Rosecranz. What is puzzling?
Yorick. Bypassing the stupidity of the witnesses who didn’t get it, I am puzzled about Jesus and Judas. If Judas knew that Jesus knew, how could Judas go through with it? And if Jesus could foresee his own betrayal, why would Jesus need Judas to get it done? And finally, if Jesus did need Judas to get it done, why is Judas damned?
Rosecranz. Has it occurred to you that the sop-passing may in fact have been, not a prediction, but rather an instruction? In justice, of course, I should remark that Matthew and Mark told the story differently, while Luke bypassed it entirely, and your John was a creative Platonist who wrote three generations later.
Yorick. But why with a kiss did he betray him?

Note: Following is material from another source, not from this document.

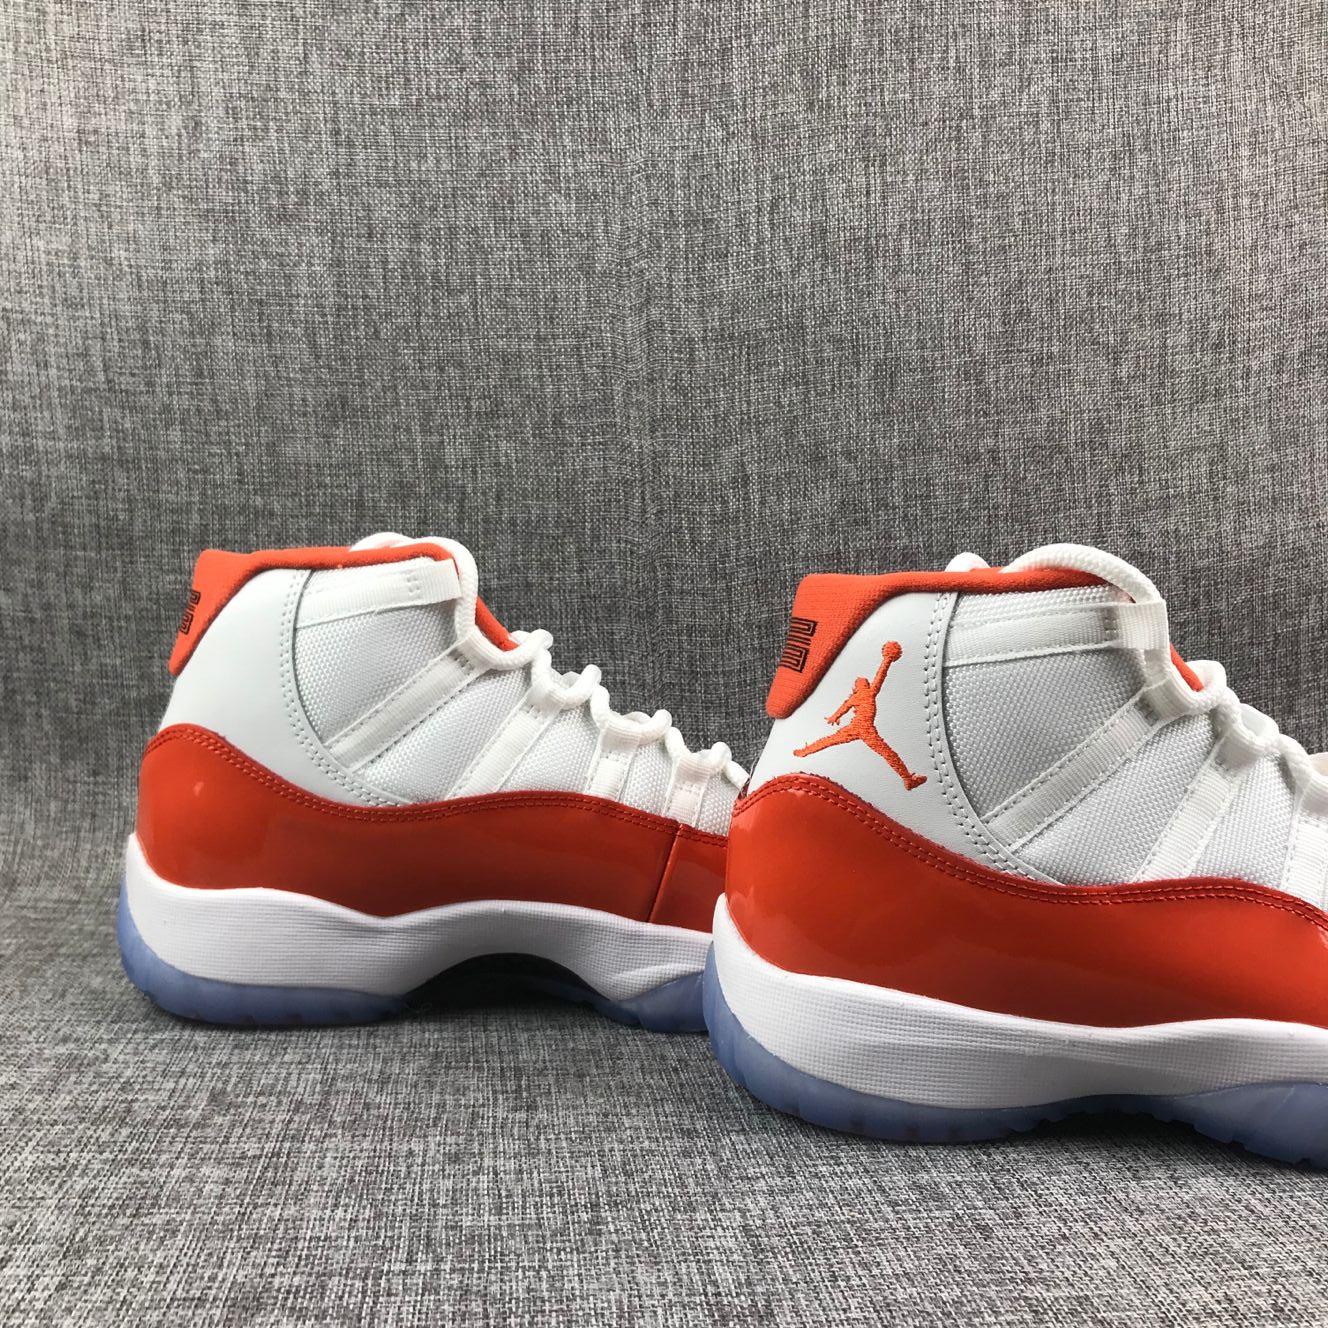 4c259ea1d20 Men Basketball Shoes New Air Retro 11 Shoes · YogaCloth · Online ...
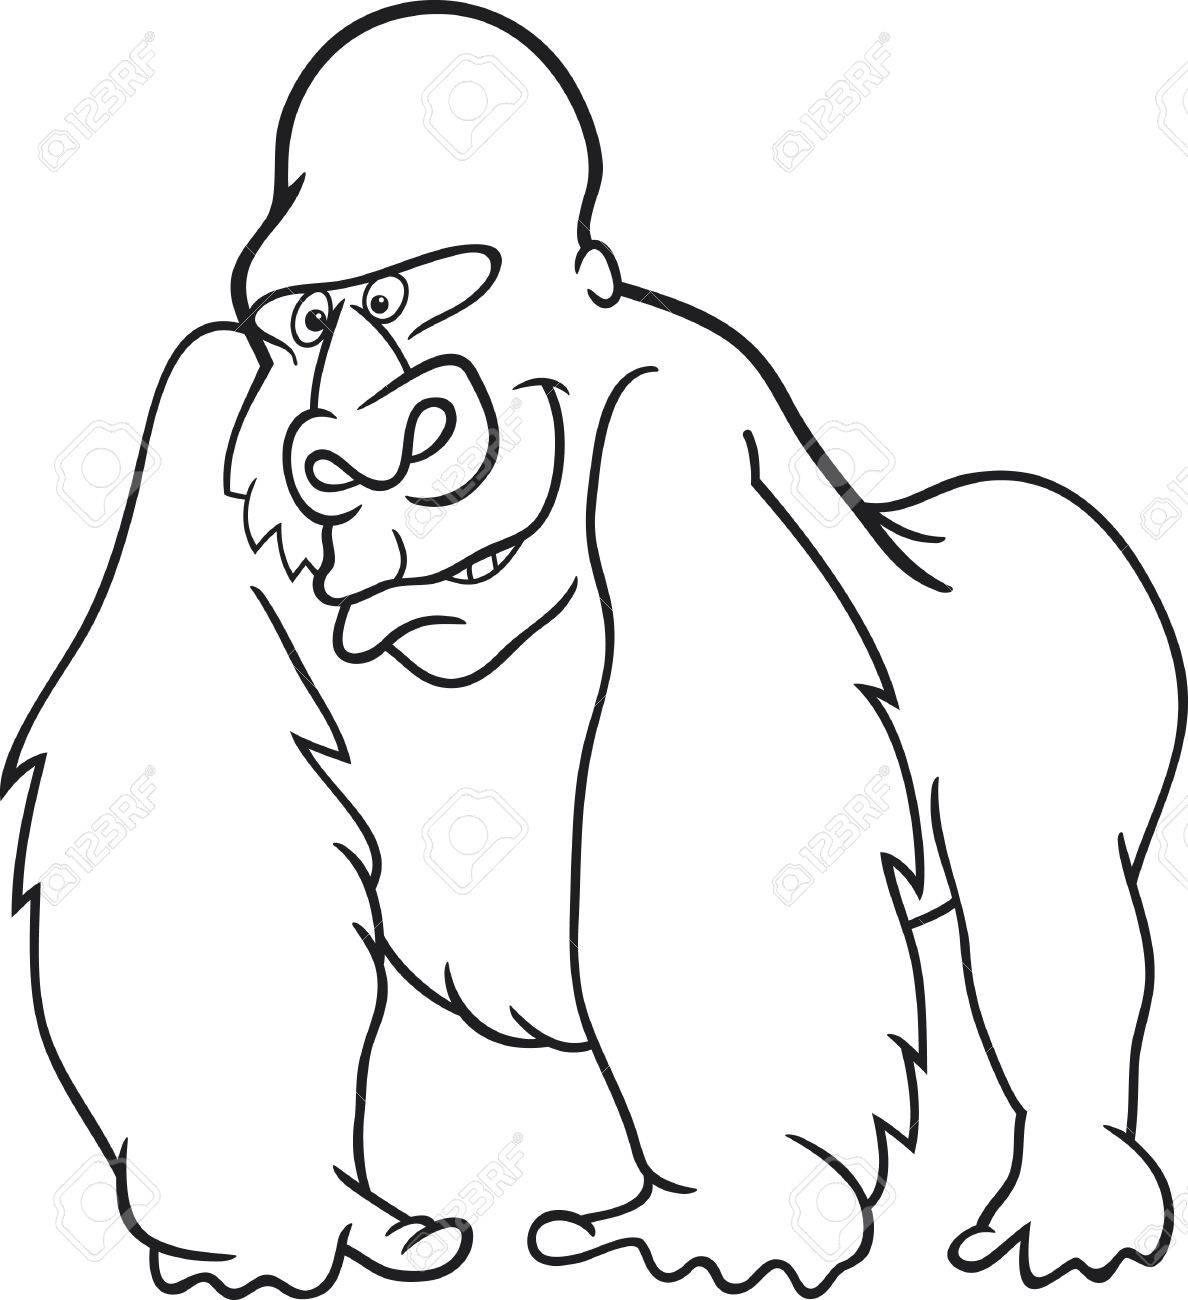 silver gorilla for coloring book royalty free cliparts, vectors ... - Silverback Gorilla Coloring Pages

—Nike Pan, Dialogs by a Devout Sceptic (2310)
9
Gauleiter Von Eltz, grumpily mused ill-favored archcollaborator Dubois, was possibly the only man in the world of 1943 on Erth who could preserve his aristocratic poise asleep in an armchair. Dark Dubois, thoughtfully stroking his own big wine-ruined nose with a pudgy hand whose arm hid his dirty white bow-tie, contemplated his alien leader. The long body of fortyish Von Eltz, whose uniform was unusually open at the collar, was actually graceful in the chair: somewhat relaxed but not slumped, blond hair brushed smoothly back with a neat off-center part, right-hand knuckles gently pressing into a lean cheek beside the long straight nose, long upper lip and wide brooding thin-lipped mouth undistorted above the long firm chin, one long leg slightly extended and the other pulled back for support. The breathing of this gauleiter was quietly rhythmic. Personification of Master Race in Repose, Dubois reflected, reassuring himself once again that he had indeed cast his wartime lot with the winning side no matter what the Anglians and Vespucians might try to do in faraway Obscuria.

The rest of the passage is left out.